In the context of this week’s tragedy in Las Vegas, there has been an overabundance of thoughts and prayers, of angry pronouncements about bump stocks and background checks. If righteous indignation is what we need to make this a better world, we seem to have an ample supply of that. Jesus’ words echo through the ages reminding us that talk is cheap and that it isn’t enough to simply decry the unjust behavior of others. We have to take the costly step of confronting and changing injustice when we see it in ourselves.

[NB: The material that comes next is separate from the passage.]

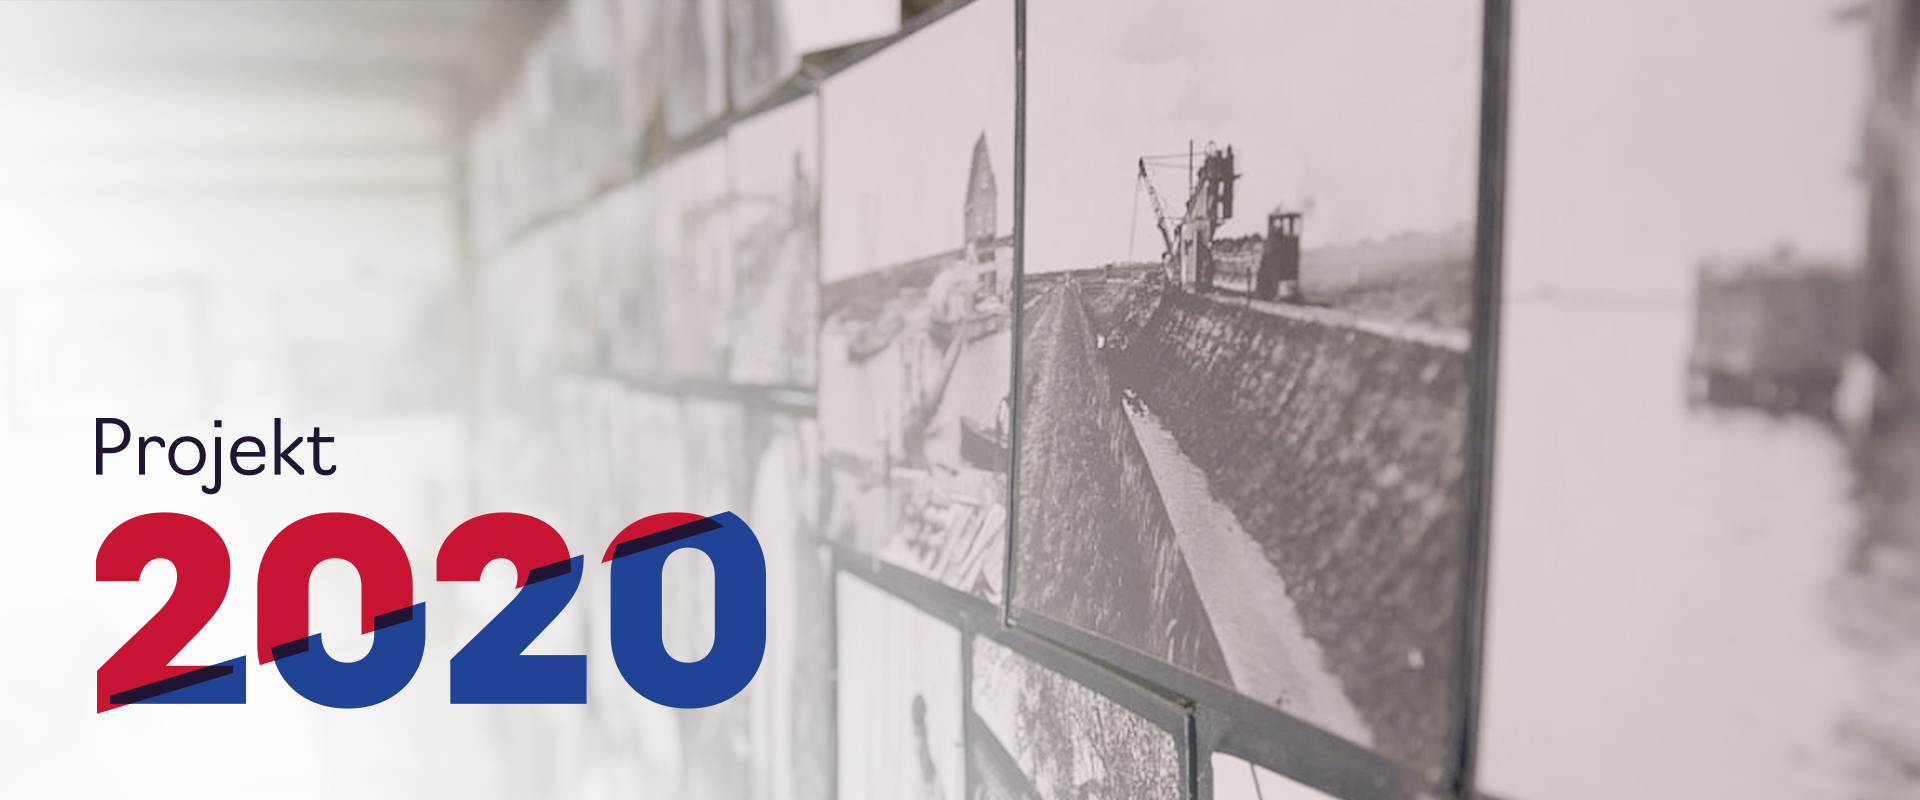 Projekt 2020 - Teil 12 Video
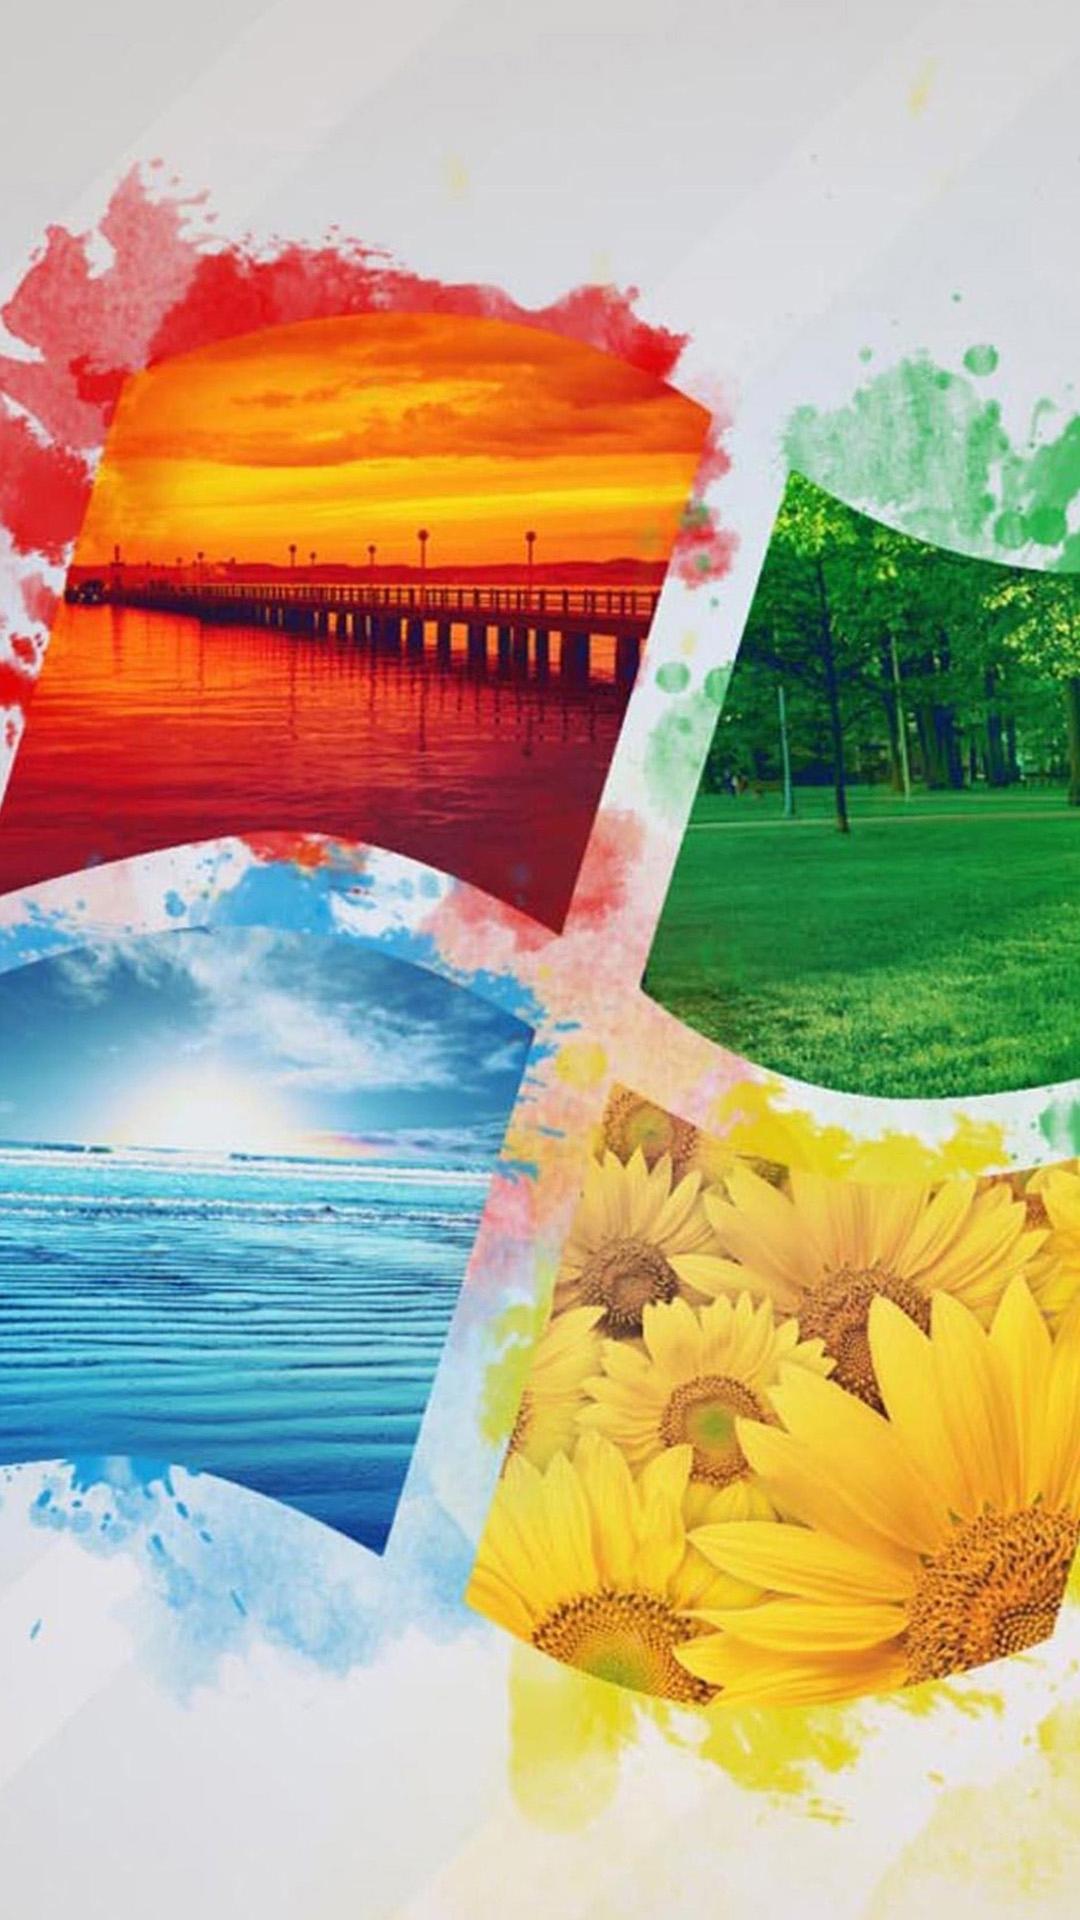 Color Moto X Windows Landscapes Android Wallpaper - Nature Windows 10 Wallpaper Hd , HD Wallpaper & Backgrounds

There are many possible responses that Jesus could have given in the face of the terrible tragedy of Siloam:
“Don’t worry, those Galileans have gone to a better place”,
“It must have been God’s will”
“God surely has a plan.”
Instead, he called those around him to engage the world’s suffering as if they were looking into a mirror and seeing the same fate.
For those who lost their lives in Puerto Rico or Las Vegas, for those long ago people of Siloam, time has run out. They stand in God’s eternal love and grace. But for us, the work lies ahead. And every day, when we wake up and plant our feet on the floor next to our beds, we are stepping into a future filled with choices. How will we use the grace God has given us? How will we live out the peace that has been offered to us? How will we work for the justice that God expects and which Jesus taught?
God’s call to us is that we would let these tragedies speak to us – and not in a “thank God that didn’t happen to me” way, nor in a way that somehow points to our own blessedness. We are called to rearrange our lives, adjust our priorities, and repent and make changes while we’re still alive. Long life is no guarantee of fruitfulness, and neither does death diminish a fruitful life But the reality is that one way or another, the fig trees that are our lives will eventually be cut down. The time to change the status quo is now. The time to turn around is now. The time to bear fruit is now.